At the start of the twentieth century the Williamsburg Bridge finally opened, and a flood of new residents poured into the area, which soon became the most densely populous city in the country, New York City’s most densely populous neighborhood, making it the most densely populous part of the entire country. It was also the setting, at the time, for the world-famous novel, “A Tree Grows in Brooklyn.” Famous people who grew up in Williamsburg include Joy Behar, Barry Manilow, Kiss’ Peter Criss, and Henry Miller.

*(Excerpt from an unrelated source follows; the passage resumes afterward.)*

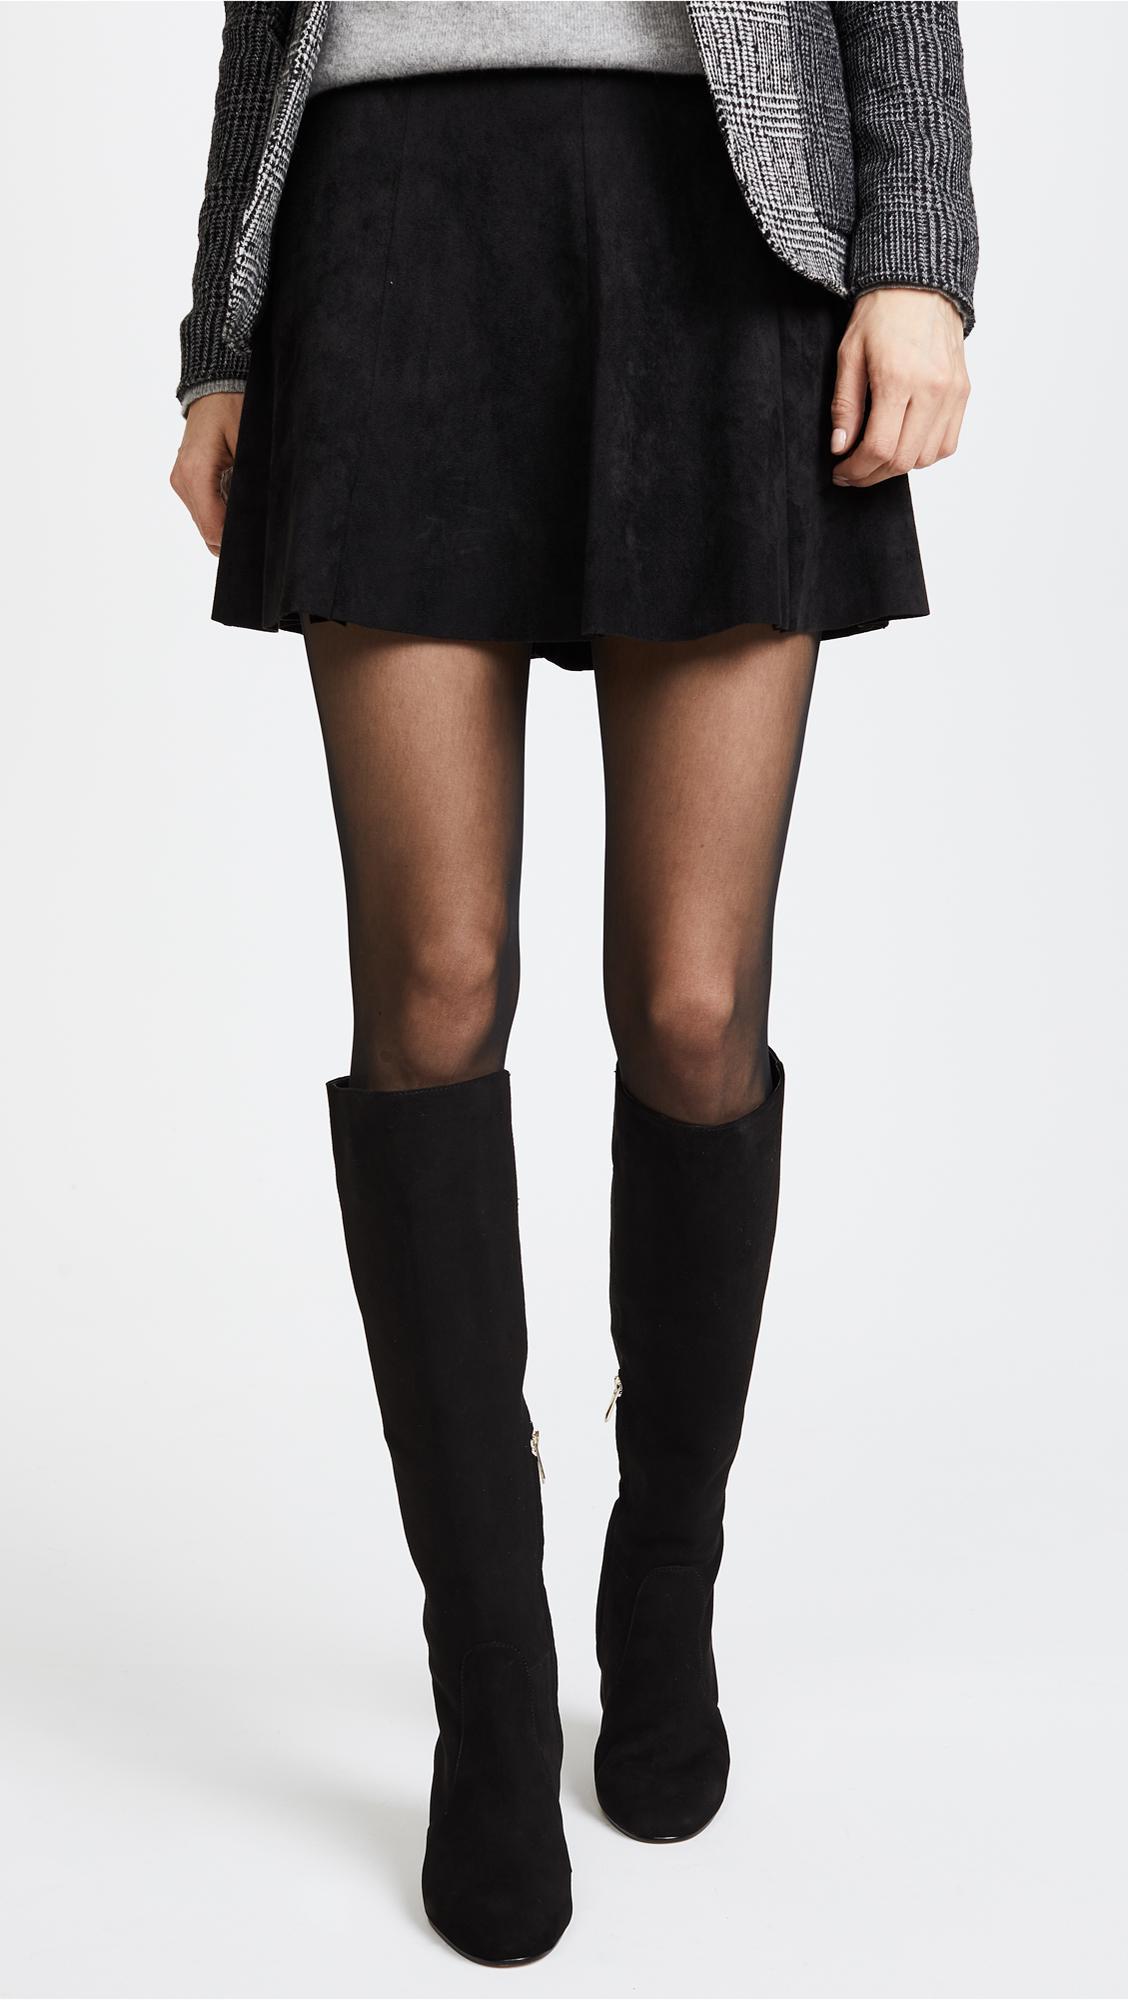 6e10dd58798 Lyst - Sam Edelman Thora Tall Boots in Black

Williamsburg also benefits from the May 11, 2005 City Council approved rezoning proposal for nearly 200 blocks in its northern section and with its neighbor to the north, Greenpoint. According to the New York City Department of City Planning Website: “In its Greenpoint-Williamsburg Rezoning, the Department of City Planning proposed zoning changes to allow for housing and open spaces, in tandem with light industry and commercial uses, along two miles of Brooklyn’s East River waterfront and upland neighborhoods.
“In two vibrant communities as well as areas that have been mostly vacant and derelict for years, the proposal would create opportunities for thousands of new housing units, including affordable housing. And the proposal offers a blueprint for a continuous publicly accessible esplanade and new public open spaces along the waterfront, forging long-sought links between the water’s edge and the established Greenpoint and Williamsburg communities, adding yet another publicly accessible jewel to New York City’s waterfront.”
First-time homebuyers are pleased by the many affordable condos and modern loft conversions peppered throughout the area ranging from $300,000 - $1,000,000. These are spacious alternatives to downtown Manhattan’s East Village and Lower East Side artists’ spaces.
Famous Williamsburg landmarks include The Kings County Savings Institution, which is listed in the National Register of Historic Places, The Williamsburg Houses, Brooklyn’s first public housing done on a large scale, and the Domino Sugar Refinery Building, which, though it no longer runs, is considered a landmark of the city and so still stands.
Transportation includes the L, J, M, Z, and G subway lines, the Williamsburg Bridge, and bus routes such as B24, B39, B43, B44, B46, B48, B59, B60, B61, and Q54.